» **Stored data**
--

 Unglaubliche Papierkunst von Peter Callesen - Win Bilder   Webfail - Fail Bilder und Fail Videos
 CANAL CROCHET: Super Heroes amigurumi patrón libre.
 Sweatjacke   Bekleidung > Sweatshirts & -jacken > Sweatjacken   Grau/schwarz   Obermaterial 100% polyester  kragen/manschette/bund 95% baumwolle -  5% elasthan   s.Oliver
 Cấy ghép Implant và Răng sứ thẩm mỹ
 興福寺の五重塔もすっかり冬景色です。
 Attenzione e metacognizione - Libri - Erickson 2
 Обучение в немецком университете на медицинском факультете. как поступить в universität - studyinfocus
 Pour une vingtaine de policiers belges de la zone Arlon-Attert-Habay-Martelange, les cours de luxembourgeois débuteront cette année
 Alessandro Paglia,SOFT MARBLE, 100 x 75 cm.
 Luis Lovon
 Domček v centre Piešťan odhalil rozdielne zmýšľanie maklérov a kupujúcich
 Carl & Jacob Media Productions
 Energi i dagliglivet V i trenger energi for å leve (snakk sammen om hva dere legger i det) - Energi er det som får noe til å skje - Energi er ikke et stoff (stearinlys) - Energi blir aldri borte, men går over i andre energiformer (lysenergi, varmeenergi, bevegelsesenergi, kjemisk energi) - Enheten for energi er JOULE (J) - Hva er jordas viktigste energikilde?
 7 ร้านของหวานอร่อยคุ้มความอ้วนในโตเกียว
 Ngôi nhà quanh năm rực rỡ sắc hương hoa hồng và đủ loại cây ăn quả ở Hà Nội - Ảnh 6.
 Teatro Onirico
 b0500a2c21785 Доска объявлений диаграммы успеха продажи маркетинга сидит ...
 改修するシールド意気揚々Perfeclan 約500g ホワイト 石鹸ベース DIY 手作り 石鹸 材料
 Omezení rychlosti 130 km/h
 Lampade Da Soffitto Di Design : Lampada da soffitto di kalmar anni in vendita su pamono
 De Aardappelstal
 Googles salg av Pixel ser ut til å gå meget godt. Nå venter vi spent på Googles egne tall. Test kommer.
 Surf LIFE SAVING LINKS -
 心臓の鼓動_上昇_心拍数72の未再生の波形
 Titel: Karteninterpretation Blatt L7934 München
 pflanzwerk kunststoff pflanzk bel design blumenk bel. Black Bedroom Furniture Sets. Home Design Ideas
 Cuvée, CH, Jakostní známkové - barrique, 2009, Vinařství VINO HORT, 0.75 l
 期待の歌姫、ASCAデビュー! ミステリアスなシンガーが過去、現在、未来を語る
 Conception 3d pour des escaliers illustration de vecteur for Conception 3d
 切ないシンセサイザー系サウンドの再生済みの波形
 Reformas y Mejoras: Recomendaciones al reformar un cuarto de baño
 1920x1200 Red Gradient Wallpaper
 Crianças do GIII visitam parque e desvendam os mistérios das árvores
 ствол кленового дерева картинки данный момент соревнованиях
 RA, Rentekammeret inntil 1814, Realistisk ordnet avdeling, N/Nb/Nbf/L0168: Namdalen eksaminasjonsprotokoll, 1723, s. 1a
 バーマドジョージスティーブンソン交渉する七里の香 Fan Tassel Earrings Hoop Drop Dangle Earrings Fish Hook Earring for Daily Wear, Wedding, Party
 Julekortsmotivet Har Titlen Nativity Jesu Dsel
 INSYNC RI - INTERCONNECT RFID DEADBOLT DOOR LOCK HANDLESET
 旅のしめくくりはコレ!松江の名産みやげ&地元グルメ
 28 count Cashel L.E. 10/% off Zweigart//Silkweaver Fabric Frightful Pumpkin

--

Take the entries above and repeat them verbatim.

» **Written solution**
 Unglaubliche Papierkunst von Peter Callesen - Win Bilder   Webfail - Fail Bilder und Fail Videos
 CANAL CROCHET: Super Heroes amigurumi patrón libre.
 Sweatjacke   Bekleidung > Sweatshirts & -jacken > Sweatjacken   Grau/schwarz   Obermaterial 100% polyester  kragen/manschette/bund 95% baumwolle -  5% elasthan   s.Oliver
 Cấy ghép Implant và Răng sứ thẩm mỹ
 興福寺の五重塔もすっかり冬景色です。
 Attenzione e metacognizione - Libri - Erickson 2
 Обучение в немецком университете на медицинском факультете. как поступить в universität - studyinfocus
 Pour une vingtaine de policiers belges de la zone Arlon-Attert-Habay-Martelange, les cours de luxembourgeois débuteront cette année
 Alessandro Paglia,SOFT MARBLE, 100 x 75 cm.
 Luis Lovon
 Domček v centre Piešťan odhalil rozdielne zmýšľanie maklérov a kupujúcich
 Carl & Jacob Media Productions
 Energi i dagliglivet V i trenger energi for å leve (snakk sammen om hva dere legger i det) - Energi er det som får noe til å skje - Energi er ikke et stoff (stearinlys) - Energi blir aldri borte, men går over i andre energiformer (lysenergi, varmeenergi, bevegelsesenergi, kjemisk energi) - Enheten for energi er JOULE (J) - Hva er jordas viktigste energikilde?
 7 ร้านของหวานอร่อยคุ้มความอ้วนในโตเกียว
 Ngôi nhà quanh năm rực rỡ sắc hương hoa hồng và đủ loại cây ăn quả ở Hà Nội - Ảnh 6.
 Teatro Onirico
 b0500a2c21785 Доска объявлений диаграммы успеха продажи маркетинга сидит ...
 改修するシールド意気揚々Perfeclan 約500g ホワイト 石鹸ベース DIY 手作り 石鹸 材料
 Omezení rychlosti 130 km/h
 Lampade Da Soffitto Di Design : Lampada da soffitto di kalmar anni in vendita su pamono
 De Aardappelstal
 Googles salg av Pixel ser ut til å gå meget godt. Nå venter vi spent på Googles egne tall. Test kommer.
 Surf LIFE SAVING LINKS -
 心臓の鼓動_上昇_心拍数72の未再生の波形
 Titel: Karteninterpretation Blatt L7934 München
 pflanzwerk kunststoff pflanzk bel design blumenk bel. Black Bedroom Furniture Sets. Home Design Ideas
 Cuvée, CH, Jakostní známkové - barrique, 2009, Vinařství VINO HORT, 0.75 l
 期待の歌姫、ASCAデビュー! ミステリアスなシンガーが過去、現在、未来を語る
 Conception 3d pour des escaliers illustration de vecteur for Conception 3d
 切ないシンセサイザー系サウンドの再生済みの波形
 Reformas y Mejoras: Recomendaciones al reformar un cuarto de baño
 1920x1200 Red Gradient Wallpaper
 Crianças do GIII visitam parque e desvendam os mistérios das árvores
 ствол кленового дерева картинки данный момент соревнованиях
 RA, Rentekammeret inntil 1814, Realistisk ordnet avdeling, N/Nb/Nbf/L0168: Namdalen eksaminasjonsprotokoll, 1723, s. 1a
 バーマドジョージスティーブンソン交渉する七里の香 Fan Tassel Earrings Hoop Drop Dangle Earrings Fish Hook Earring for Daily Wear, Wedding, Party
 Julekortsmotivet Har Titlen Nativity Jesu Dsel
 INSYNC RI - INTERCONNECT RFID DEADBOLT DOOR LOCK HANDLESET
 旅のしめくくりはコレ!松江の名産みやげ&地元グルメ
 28 count Cashel L.E. 10/% off Zweigart//Silkweaver Fabric Frightful Pumpkin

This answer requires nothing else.